Goal How To Use Hammer Curls Starting Volume
General Arm Size Place them after rows or pulldowns 3 sets of 8–12
Biceps Plus Forearm Tie-In Pair with underhand curls in the same workout 2–3 sets of 10–15
Grip And Carryover To Pulls Use a slower lowering phase 3 sets of 6–10
Elbow-Friendly Arm Work Use dumbbells and a smooth tempo 2–4 sets of 10–12
Short Upper-Body Sessions Finish with alternating hammer curls 2 sets of 12–15

When To Put Them First

If your upper arms lag in thickness, run hammer curls earlier once or twice a week. That small shift can lift effort and rep quality. If your biceps peak is the main target, put an underhand curl first and hammer curls second.

Who Gets The Most From Hammer Curls

Hammer curls make sense for most lifters, but they shine for a few groups. New lifters usually pick up the form fast. People with stiff wrists often like the neutral grip more than a straight underhand curl. Lifters chasing fuller arms also tend to keep them in year-round because the carryover is easy to see.

They’re also handy when straight-bar curls irritate the wrists or elbows. A neutral dumbbell path gives each arm a little freedom, and that can make training feel smoother. If pain is sharp or sticks around outside the gym, don’t grind through it. Step back, trim load, and sort the issue before piling on more volume.

When Another Curl Variation May Fit Better

Hammer curls are not the whole answer. If you want more peak, an incline dumbbell curl or a strict preacher curl may earn more room. If you want the hardest forearm bias, reverse curls may fit better. If you want steady tension from start to finish, cable curls can be a strong match.

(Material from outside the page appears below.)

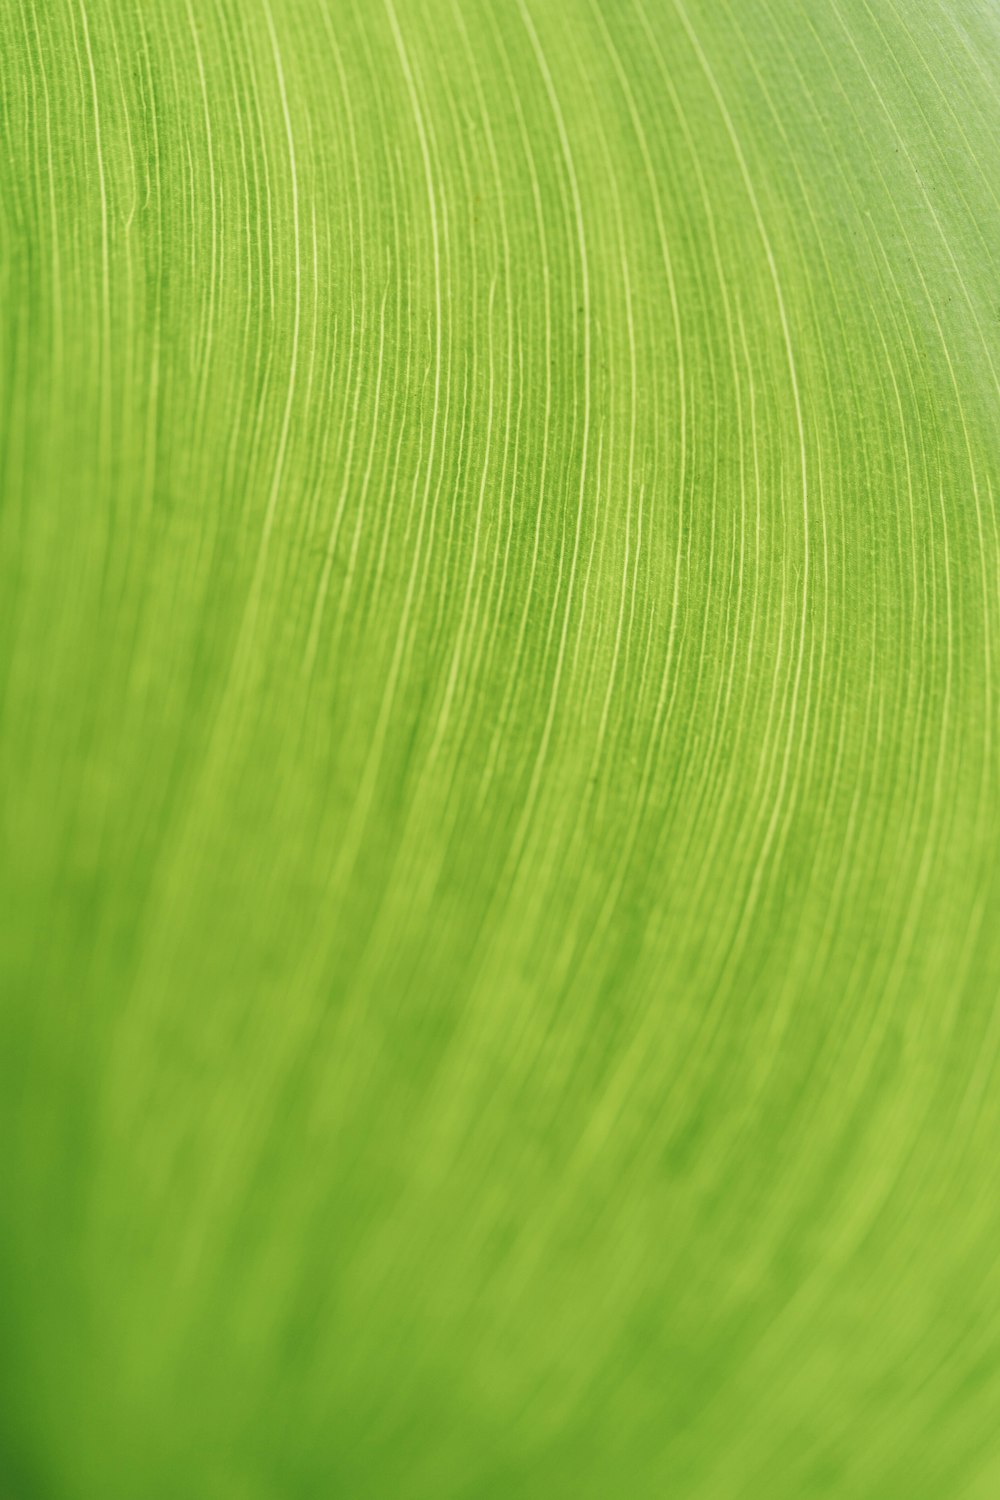 Gros plan d’une texture de feuille verte

That’s why the smartest call is not “hammer curls or biceps curls.” Hammer curls are a biceps exercise. They just train the arm through a different grip and a different feel. Use them as part of the curl lineup, not as the only ticket.

The Real Answer

Hammer curls are for biceps, and they’re also for the muscles that make the arm look complete. That mix is what gives them value. Do them with a clean neutral grip, control the lowering phase, and pair them with at least one supinated curl if fuller arm growth is the target.

If your workouts already have rows, chin-ups, and standard curls, hammer curls can be the missing piece that rounds out the upper arm and upper forearm. They’re not flashy. They just work when the reps stay honest.